近年来,数据流学习因其大量的应用而引起了研究人员和实践者的关注。这些应用促使研究界提出了大量的方法来解决不同任务中的问题,尤其是在分类、聚类和异常检测方面。然而,一项被称为量化的相关任务大部分仍未被探索。量化目标是在未标记的集合中提供类流行率的估计。最近,我们提出了SQSI算法来量化带有概念漂移的数据流。SQSI使用统计测试来识别概念漂移并重新训练分类器。然而,再培训涉及到要求所有新到达实例的标签。在本文中,我们通过探索与半监督学习相关的实例选择技术来扩展SQSI算法。其思想是请求最近示例的一个较小子集的类。我们的实验表明,SQSI的扩展显著降低了对实际标签的依赖,同时保持或提高了量化准确性。

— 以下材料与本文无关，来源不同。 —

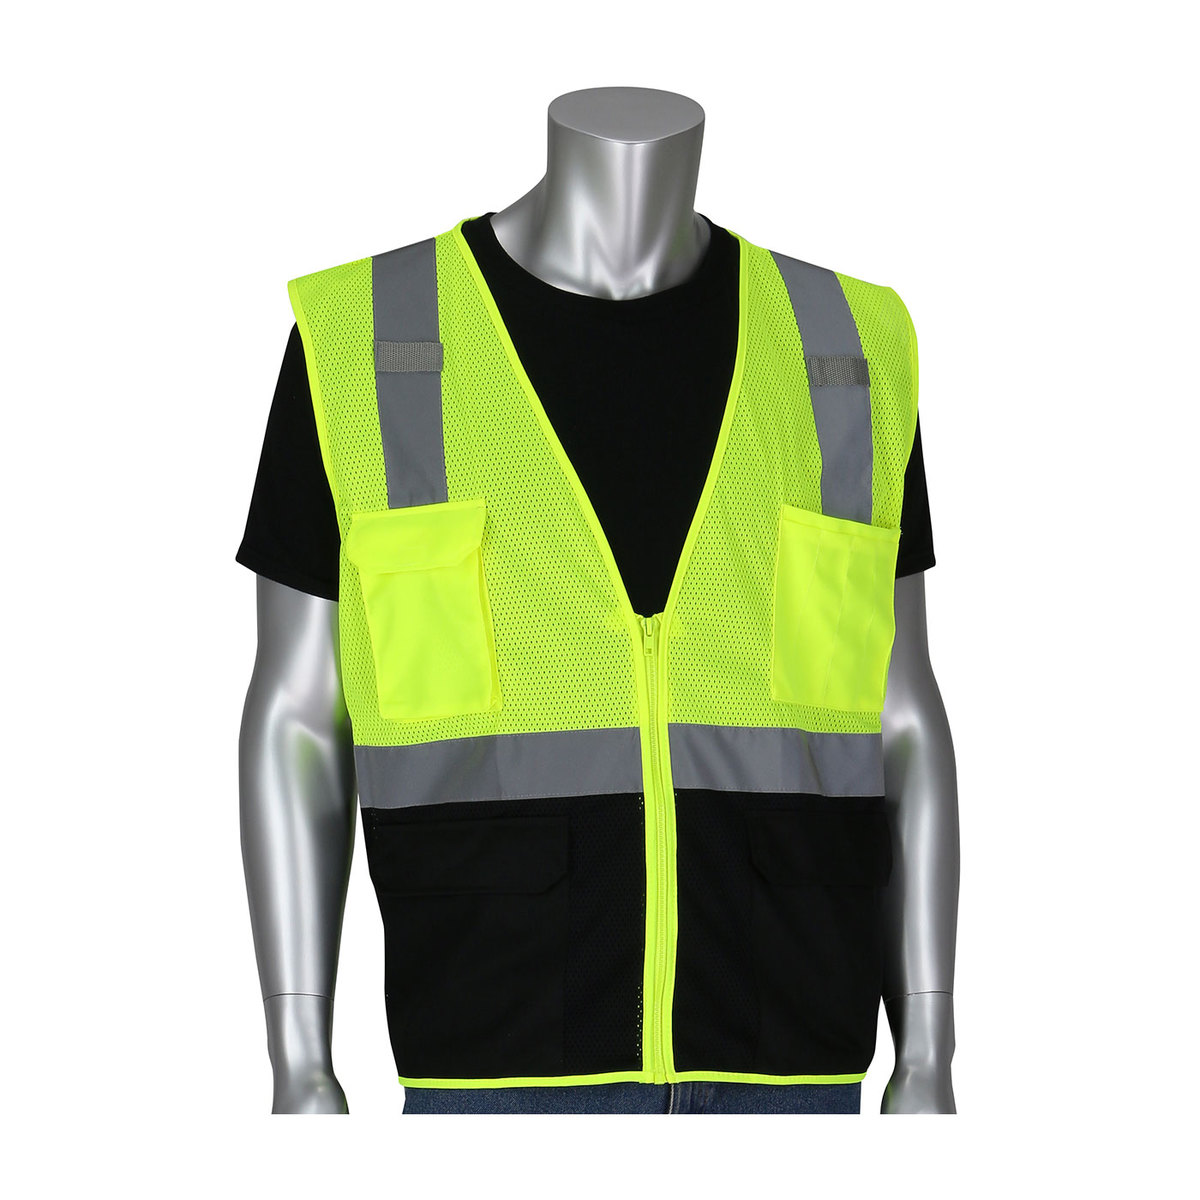 PIP® Large Hi-Viz Yellow/Hi-Viz Orange Breathable Polyester/Mesh Two-Tone Value Vest

本文章由计算机程序翻译,如有差异,请以英文原文为准。
查看原文
分享 分享
微信好友 朋友圈 QQ好友 复制链接
本刊更多论文
Combining instance selection and self-training to improve data stream quantification
In the last years, learning from data streams has attracted the attention of researchers and practitioners due to its large number of applications. These applications have motivated the research community to propose a significant amount of methods to solve problems in diverse tasks, more prominently in classification, clustering, and anomaly detection. However, a relevant task known as quantification has remained mostly unexplored. The quantification goal is to provide an estimate of the class prevalence in an unlabeled set. Recently, we proposed the SQSI algorithm to quantify data streams with concept drifts. SQSI uses a statistical test to identify concept drifts and retrain the classifiers. However, the retraining involves requiring the labels for all newly arrived instances. In this paper, we extend SQSI algorithm by exploring instance selection techniques allied to semi-supervised learning. The idea is to request the classes of a smaller subset of recent examples. Our experiments demonstrate that SQSI’s extension significantly reduces the dependency on actual labels while maintaining or improving the quantification accuracy.
求助全文
通过发布文献求助,成功后即可免费获取论文全文。 去求助
来源期刊
Journal of the Brazilian Computer Society
Journal of the Brazilian Computer Society Computer Science-Computer Science (all)
CiteScore
2.40
自引率
0.00%
发文量
2
期刊介绍: JBCS is a formal quarterly publication of the Brazilian Computer Society. It is a peer-reviewed international journal which aims to serve as a forum to disseminate innovative research in all fields of computer science and related subjects. Theoretical, practical and experimental papers reporting original research contributions are welcome, as well as high quality survey papers. The journal is open to contributions in all computer science topics, computer systems development or in formal and theoretical aspects of computing, as the list of topics below is not exhaustive. Contributions will be considered for publication in JBCS if they have not been published previously and are not under consideration for publication elsewhere.
期刊最新文献
An optimization-based framework for personal scheduling during pandemic events Multiobjective message scheduling for Hybrid Synchronization in Distributed Simulations Promoting Children's Participation in a Participatory Design Process in a Rural School: A new role needed? A Deep Learning Model for the Assessment of the Visual Aesthetics of Mobile User Interfaces Adopting Human-data Interaction Guidelines and Participatory Practices for Supporting Inexperienced Designers in Information Visualization Applications
×
引用
GB/T 7714-2015
复制
MLA
复制
APA
复制
导出至
BibTeX EndNote RefMan NoteFirst NoteExpress
×
×
提示
您的信息不完整,为了账户安全,请先补充。
现在去补充
×
提示
您因"违规操作"
具体请查看互助需知
我知道了
×
提示
现在去查看 取消
×
提示
确定
0
微信
客服QQ
Book学术公众号 扫码关注我们
反馈
×
意见反馈
请填写您的意见或建议
请填写您的手机或邮箱
已复制链接
已复制链接
快去分享给好友吧!
我知道了
×
扫码分享
扫码分享
Book学术官方微信
Book学术文献互助
Book学术文献互助群
群 号:481959085
Book学术
文献互助 智能选刊 最新文献 互助须知 联系我们:info@booksci.cn
Book学术提供免费学术资源搜索服务,方便国内外学者检索中英文文献。致力于提供最便捷和优质的服务体验。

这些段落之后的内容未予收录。